血液仿佛被灌入了滚滚熔浆,撕心裂肺的灼热感让人避无可避,在这一刻,那涌动的熔浆又似被什么刺激了一般,如无数火龙,在她血液经脉之中飞窜。
两股力量交织缠绕,可以见得她手上的皮肉,正在爆裂,一道道裂痕炸开,幽蓝夹杂着绯红的火焰破壳而出,张牙舞爪缭绕。
众修士远远的,只能看见一团火光,幽蓝与绯红缠绕,天荒海上,以那三人占据的位置为中心,方圆十里海域的水,都沸腾起来!
仙宗弟子仙女胆战心惊,下意识的后退。
花重锦手一抖立即收回,碧眸冷颤,唇红似血,清俊逼人的面庞染上一层妖异色彩。
若是火灵在外,看花重锦现在的恐怖样子,他怕是绝对会一把捏得它灵智捏魂飞魄散,但偏偏它现在正在心爱女子的体内作乱。
他恨极,却不敢有大的动作!
“护灵阵!”
南鼎天仰天一喝。
几位祖老会意,站取四方,迅速结阵。
天地灵火是极为恐怖的存在,没有超强体质,以及特殊的力量,是绝对不能轻易触碰的,就是他们现在吸收一种,一个不慎,就会被反噬成灰飞。
更别说,现在这丫头体内有两种!
真是要命!
南鼎天开口的同时,劈手就去夺花重锦怀中的人,只是花重锦带着沐天音一个侧身,竟轻而易举的避开了南鼎天的手。
几方祖老结出一个大阵虚影,当空朝下面海面压来。
“都滚开!”花重锦起身,仿佛带起一座山岳拔起,他打横抱起怀中痛苦挣扎的青衣女子,碧瞳闪过一抹绝然,嗓音低哑凛然,“现在只有本君能救!”
这一震,森然气势直接将几方祖老刚结好的护灵阵冲散!
“你干什么,你真想死,本尊就成全你!”南鼎天真是要被逼疯了,他明显不信,最重要的是,不放心将孙女交到任何人手中。
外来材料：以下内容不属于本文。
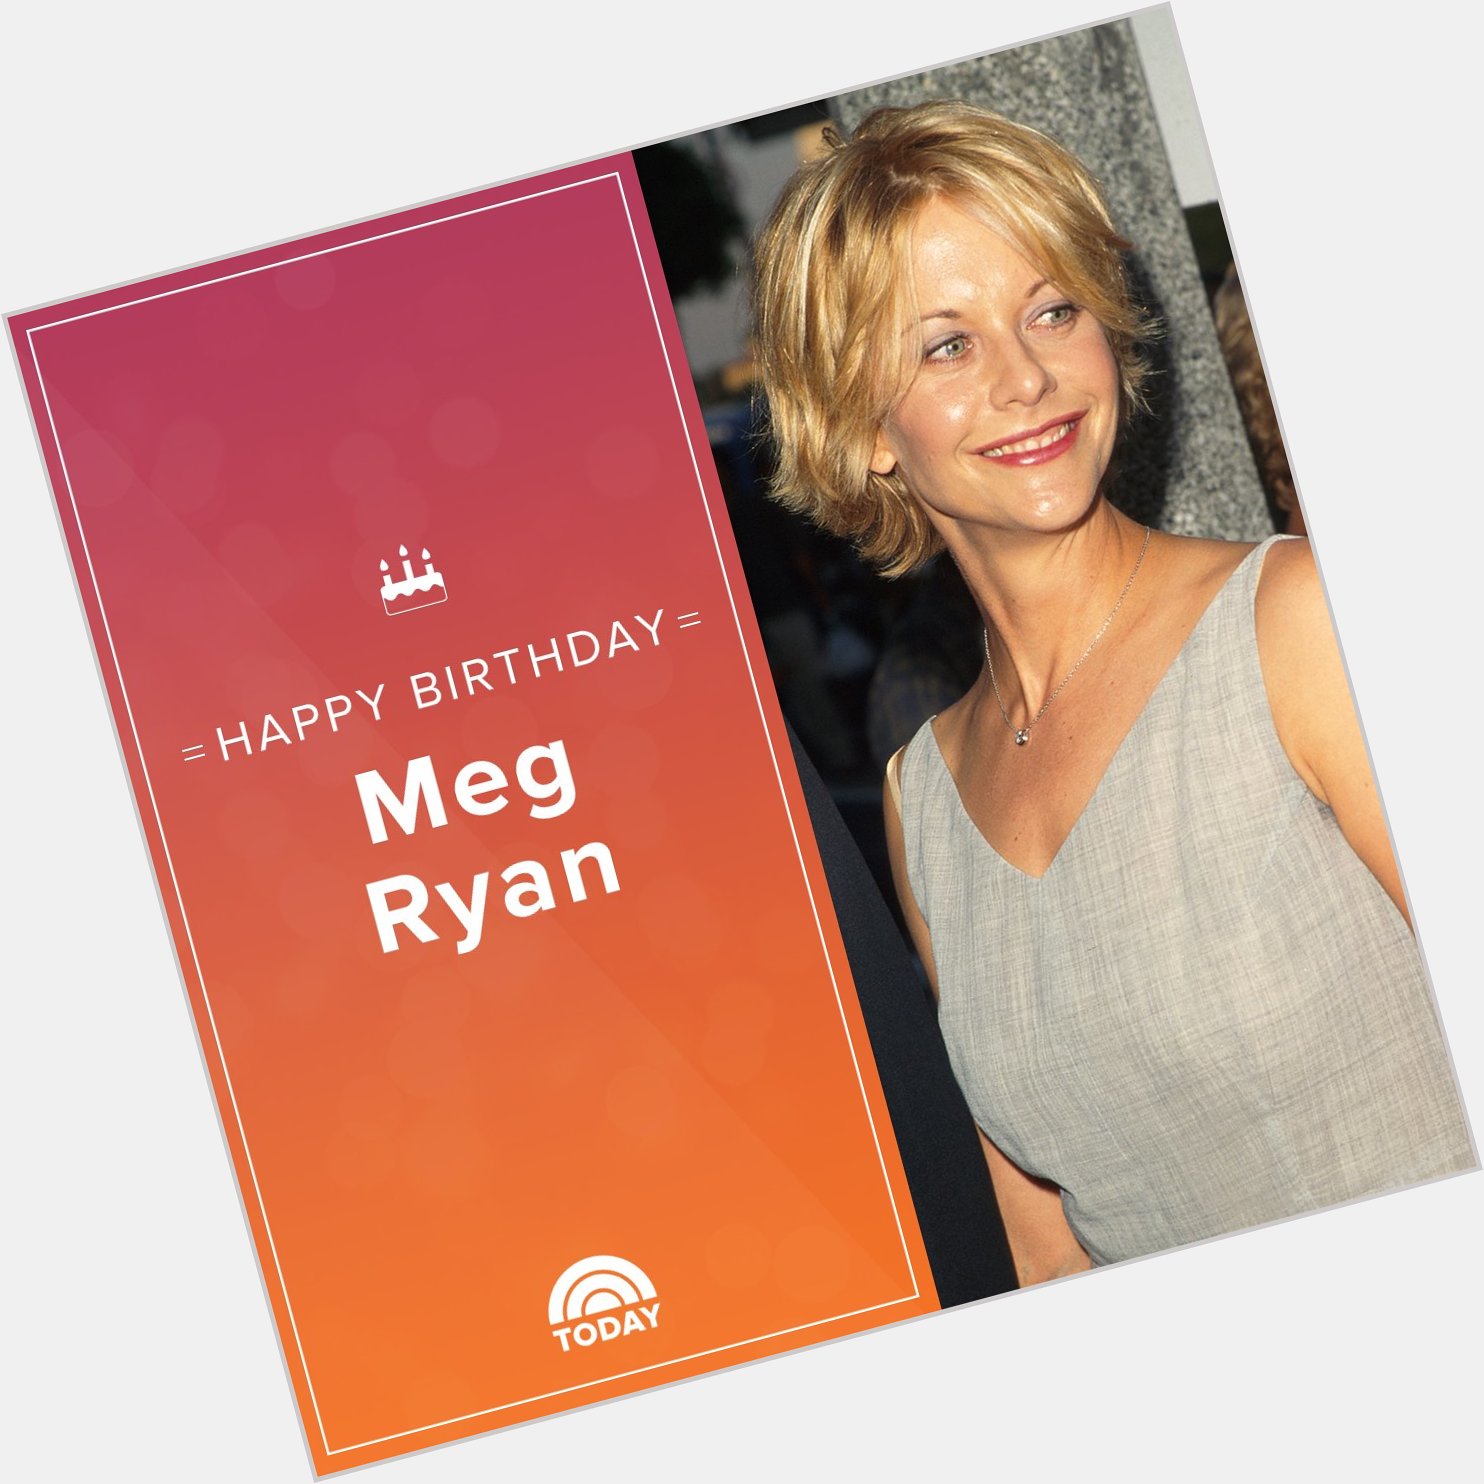 Happy birthday, Meg Ryan!

谁知花重锦却更狠,不再多说一字,带着怀中女子碰的坠入天荒海,狂浪形成巨大的漩涡,宛若黑洞急速扭转,通往海底深处。
人又消失了,南鼎天是真要疯!
南鼎天作势又要追去,却被武邑拼死拦住,语气极快的道,“南宗主,你冷静一下,你放心,少主子一定能救……少。”见这般剑拔弩张的情形,武邑聪明转口,几乎是毫无痕迹的转口,“您孙女的,你现在追去只会让她更危险,别冲动,冷静一下。”
只是孙女危在旦夕,南鼎天如何能冷静?
“走开!”
他一把挥开武邑。
不过武邑是真在用生命阻拦,用最大的嗓门儿大吼,“南宗主,相信我,少主从不妄言,您孙女若是真出什么事情,这里谁都活不了!”
不知是哪句触动了南鼎天,让他的动作一下停滞下来。
“相信我……”武邑沉沉的吐出一口气,但他说的确实是实话,若少夫人真……没了,少君发起狂来,整个空桑仙岛恐怕都要成为历史。
不久前他见识过一次,真的不想再经历,对于承受能力如此强的他来说,都简直是噩梦。
南鼎天胸膛依旧在忐忑起伏,但他狂躁的情绪,却慢慢被克制下来,老脸沉静如冰,沧厉的眼中色沉沉浮浮闪烁。
自己没有十分的把我,而那个男人,虽然刚刚自己恼恨,却也不得不承认,他身上的确有一股连自己都捉摸不透的力量。
或许……这个男人是真有办法。
刚刚因为和自己抢孙女,南鼎天将花重锦恨得咬牙切齿,但这会儿,凉风一吹稍微冷静了点,南鼎天又因为花重锦的疯狂样,觉得他似乎可以相信。
那在乎程度,好像都不比自己少了。
见南鼎天沉默下来,武邑暗暗吁一口气,随后又是一阵担忧涌上心头,应该……不会有事的吧。